Творчество и критика
Шрифт:
Д. Мережковский говорит все это, конечно, не о себе (еще один раз!), о ком-нам здесь безразлично; но ведь это-же только и можно сказать о нем самом, до слова, до буквы! В своей литературной молодости он уже был мертвым, после небольших проблесков жизни; и теперь у него-«головка виснет», «земля во рту» (см. XVIII). Он говорит о «попытках юмора»-вот чего у Д. Мережковского никогда не бывало. «Нет освобождающего смеха. Ни разу, читая произведения Д. Мережковского, не только не рассмеешься, но и не улыбнешься. Словно висит надо всем безоблачно-грозное, низкое, медное небо и давит так, что сердце, наконец, сжимается от тоски, и, кажется, нечем дышать, нет воздуха»… Так глубоко-неверно говорит Д. Мережковский о Толстом (см. XI) — и это является лишним примером голословности и неверности утверждений Д. Мережковского; но как это верно в применении к Д. Мережковскому, в произведениях которого поистине нет освобождающего смеха! А почему нет-об этом опять-таки скажет сам Д. Мережковский: «печать живого-печать смеха. Среди нас; увы, редчайший дар. Кажется, нам легче умереть, чем усмехнуться» (XVIII, 23).
Иногда, вероятно,
И мы видим, как этот мертвец русской литературы начинает, подобно Джиневре, стучаться в сердца всего живого-только бы избавиться от своего могильного савана, только бы согреть свое мертвое сердце… Мертвый человек жаждет найти приют в живых сердцах. Отсюда-вся его деятельность последних двадцати лет. Но тщетно; двери всего живого закрываются перед Д. Мережковским…

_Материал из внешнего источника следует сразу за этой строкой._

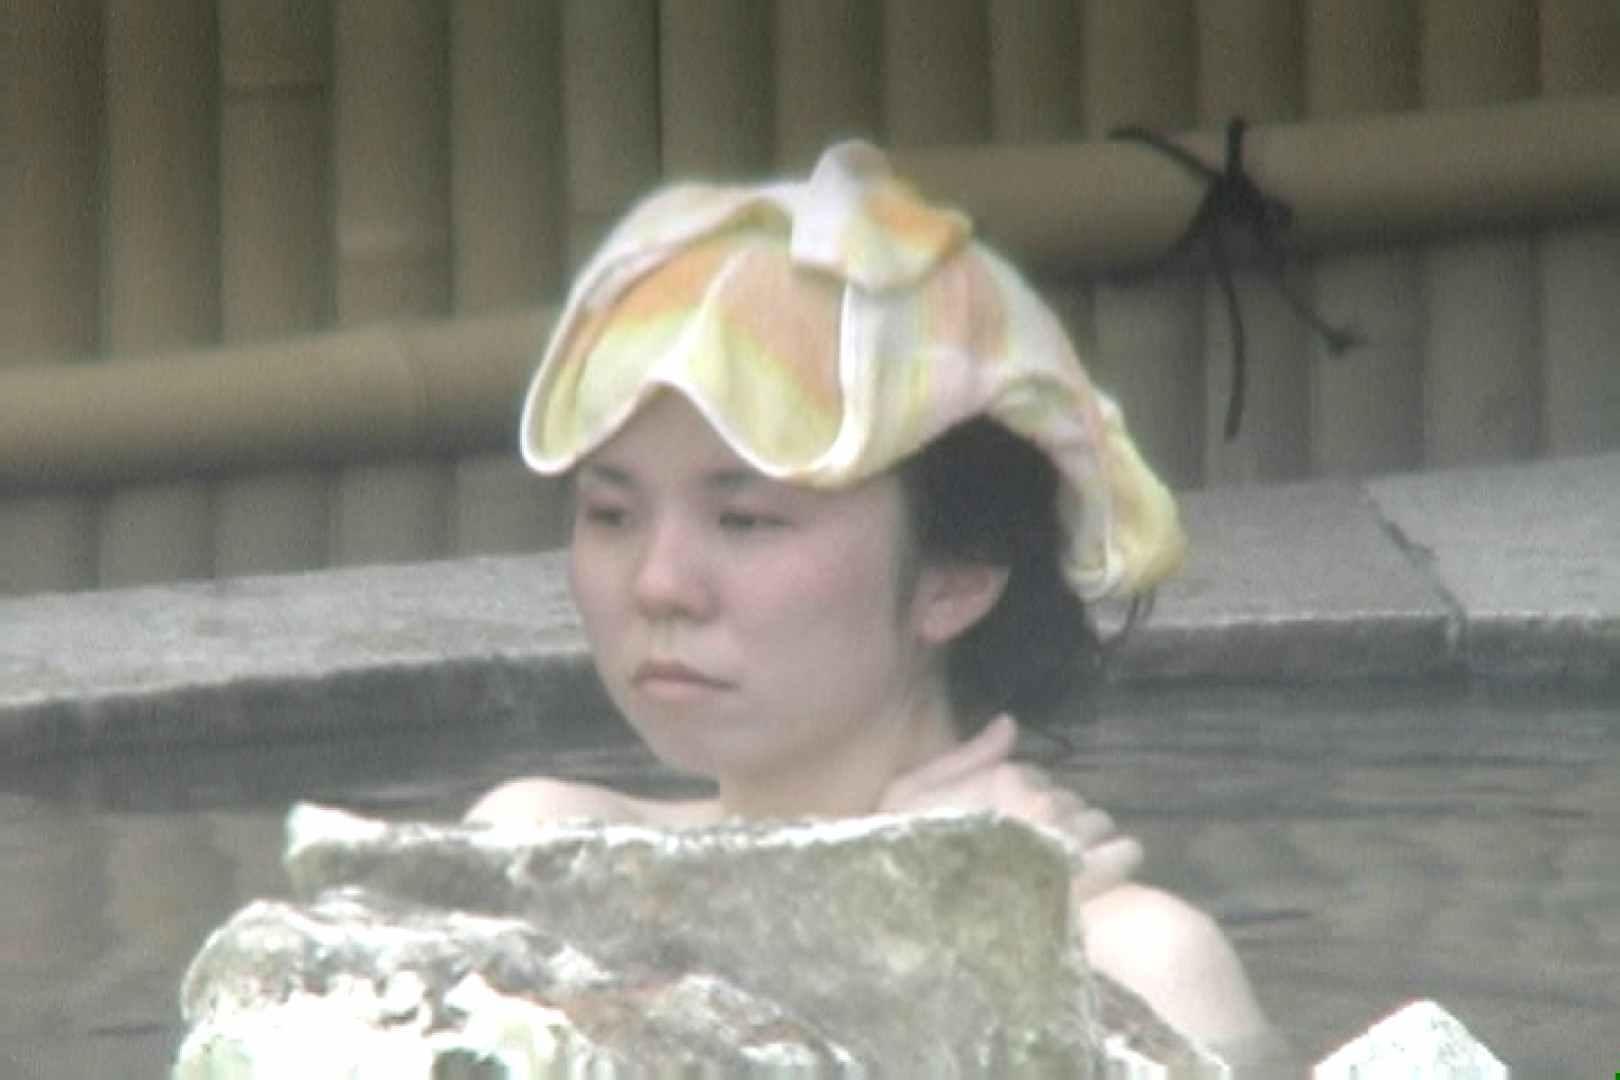 Aquaな露天風呂Vol.687 盗撮シリーズ | 露天風呂編  93PIX 69

Двери живого открываются не перед мертвыми словами, а пред живыми делами; Д. Мержковский же и сюда пришел с чисто-словесными схемами, с двумя словами, которые надо заменить третьим словом… Чтобы спастись от мертвенности, он ухватился за Христа, за Третий Завет, за «Святую Плоть», позднее — за «религиозную общественность», за «народ», за «интеллигенцию», — и всюду с одинаковым результатом, ибо всюду с одними и теми же словесными схемами. Проповедь «Третьего Завета», которую мы когда-то слышали от этого писателя, разве это — не такое же скользящее по поверхности явлений «третье слово», которое заменяет для Д. Мережковского два других, таких же мертвых слова? Первый завет-Ветхий, царство Бога-Отца: второй завет-Новый, данный Сыном; третий завет-грядущий, царство Духа: все это- ледяная игра разума, к тому же отчасти и заимствованная (Гюисманс, «En route», «La cathedrale»). И если Бог-Отец есть начало земной жизни, — жизни мира и природы, — то он всегда был мертв для Д. Мережковского. Прочтите внимательно все немногочисленные «пейзажи» в романах Д. Мережковского; вас поразит их сходство с тщательно выписанными, холодными пейзажами в творчестве Гончарова, конечно, неизмеримо более талантливого. Это-люди, которые по земле могут ходить только в резиновых галошах; для них всегда был мертв Великий Пан. Но вот, по выражению Д. Мережковского, «родился Христос, и умер Великий Пан»; началось царство Сына Божия. Но если Сын Божий есть Сын Человеческий, если он есть полное выражение идеи живого личного человека, то и Сын Божий был изначально мертв для Д. Мережковского. Мы это уже отметили выше. Живая человеческая личность чужда Д. Мережковскому; полюбить он ее не может и только бессильно восклицает: «Неужели навек мое сердце мертво? Дай мне силы, Господь, моих братьев любить!..» И вот, человек, которому одинаково чужд и великий Пан, и Христос, проповедует «Третий Завет», в котором желает видеть «синтез» Великого Пана и Христа. Таким путем должен получиться новый человек на новой земле. Так проповедует писатель, который не любит ни человека, ни землю. В результате этой ледяной игры разума мы имеем по-прежнему только новое «слово», а не нового человека: или, если угодно, имеем такую же восковую куклу, какую мы видели во всех романах Д. Мережковского. Это-те самые «кристаллизованные люди», которых фаустовский Вагнер хотел выделывать в реторте химическим путем:
Was die Natur organisiren liess, Das lassen wir krystallisiren.«Религиозная общественность», к которой пришел позднее Д. Мережковский, это-такое же мертвое слово, каким раньше в его устах были и «Третий Завет», и «Святая Плоть», и еще десятки других «слов», из области которых не суждено вырваться Д. Мережковскому. Христос в его устах так же мертв, как и всякое другое слово. И если выше мы вспомнили по поводу Д. Мережковского о злой фее, которая дала ему волшебное перо, превращающее все живое в мертвое, то теперь невольно приходит па память другая сказка, о двух девушках: у одной из них при каждом слове вылетало из уст по живой розе, у другой при каждом слове-по мертвой жабе. Из уст Д. Мережковского вылетают, быть, может, и розы, но розы эти-мертвые. Прислушайтесь, как мертво звучит в этих устах слово «Христос», именно-только слово, бесконечно часто употребляемое.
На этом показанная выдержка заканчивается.